Much like non-immigrant prisons, many immigrant detention centers are privately owned. The contracts between the Federal Bureau of Prisons and private companies totals $5.1 billion; this creates a multibillion-dollar industry whose fiduciary obligation it is to try to cut every corner to reduce costs, drain the state for as much money as possible and pass the savings on to their shareholders, regardless of the condition of the inmates.
In response to this inflow of tax revenue to groups like the CCA, the industry spent more than $45 million on campaign contributions and lobbying. This has lead to contracts worth hundreds of thousands dollars to incentivize lobbyists to obscure the issue for legislators.
In the CCA's home state of Tennessee is Sen. Bob Corker, author of the Corker-Hoeven amendment, which Sen. Leahy (D-VT) decried as a "Christmas wish list for Haliburton." While the Republican representing the CCA's corporate home is an obvious choice for private prison money and received more than $50,000 from the CCA, Chuck Schumer (D-N.Y.) received $64,000 from the prison lobby Akin Gump et al and Patty Murray (D-Wash.) received $21,600 from Akin and $74,7000 from McBee Strategic Consulting.
This is not even including the convoluted, indirect donations from groups with significant interests in detention corporations through investments in the Geo Group. This includes banks like "too big to fail" Wells Fargo, which will also sneak their money through indirect and/or anonymous donations to organizations like SuperPACS: The industry has quietly spent millions and utilized a small army of lobbyists to successfully entrench itself on both sides of the aisle.
The people placed into these corporations' facilities find themselves in a perfect storm. Even if they are citizens they cannot vote and have no representation in Congress, often are in poverty and cannot afford an attorney, do not know what their rights are and quickly find themselves in a situation where they can be thrown into solitary confinement completely at the discretion of those running the center; it is about as vulnerable and powerless a position as the entirety of the unrestricted power of the state can possibly put a human being into. For the terrible treatment they endure, the price to the taxpayer is between $45,000 to $60,000 per year per detainee.
Focusing in on the CCA, a government investigation into the Eloy Detention Center showed that medical care was so poor "detainee welfare is in jeopardy" following the death of an inmate in 2006. Shortly after, another death in that same facility that pointed toward overwhelming incompetence on behalf of the CCA brought another investigation. The death was initially covered up by the prison, and only released due to a Freedom of Information Act request by the ACLU.
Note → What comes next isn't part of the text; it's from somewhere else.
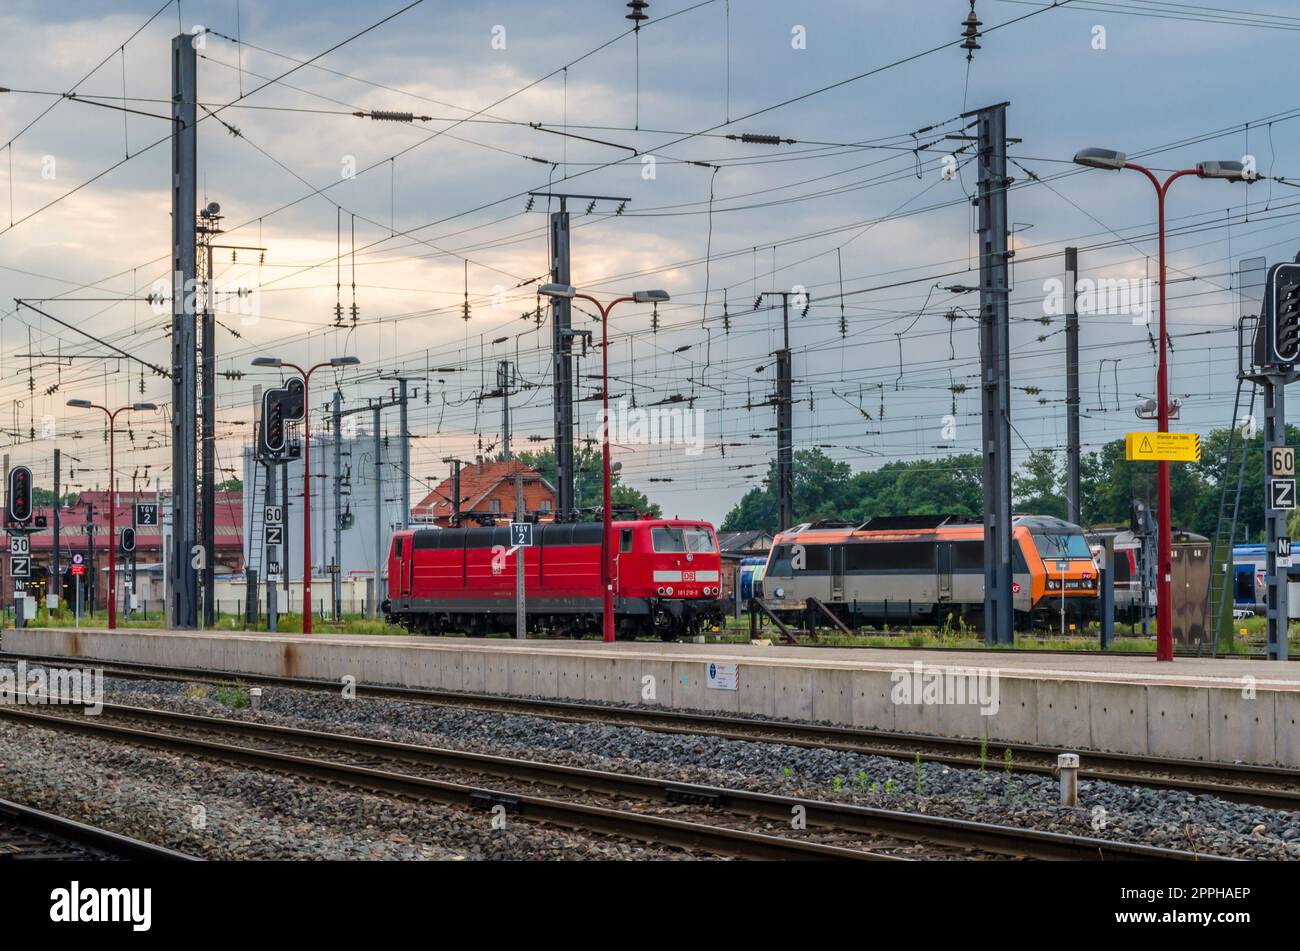 STRASSBURG, FRANKREICH - 29. AUGUST 2013: Blick auf die Bahnsteige am Bahnhof Straßburg, Elsass, Frankreich Stockfoto

The ACLU is currently suing the Corrections Corporation of America, contending the prison denies injured inmates medical care to save money and hide the extent of injuries. This is the same corporation that was recently dumped by four states after its prison in Idaho became so violent the inmates began referring to it as "gladiator school."
The CCA has also been caught using prison gangs to discipline inmates, understaffing their facilities, falsifying nearly 4,800 hours of staffing records to drain more money out of the state for work they did not do, working guards for days on end without breaks, ignoring the cries of a woman in labor who gave birth to a child in her cell that died within a week... the list truly does go on.
Even if the Obama administration has had this hand forced, the hand they are holding is a violation of the human rights of two young people demonstrating against a system the country overwhelmingly wants to see changed. These young people are symbolic of larger, even more egregious human rights abuse which goes on in the shadows of for-profit immigration detention facilities, and will continue until we see real government action.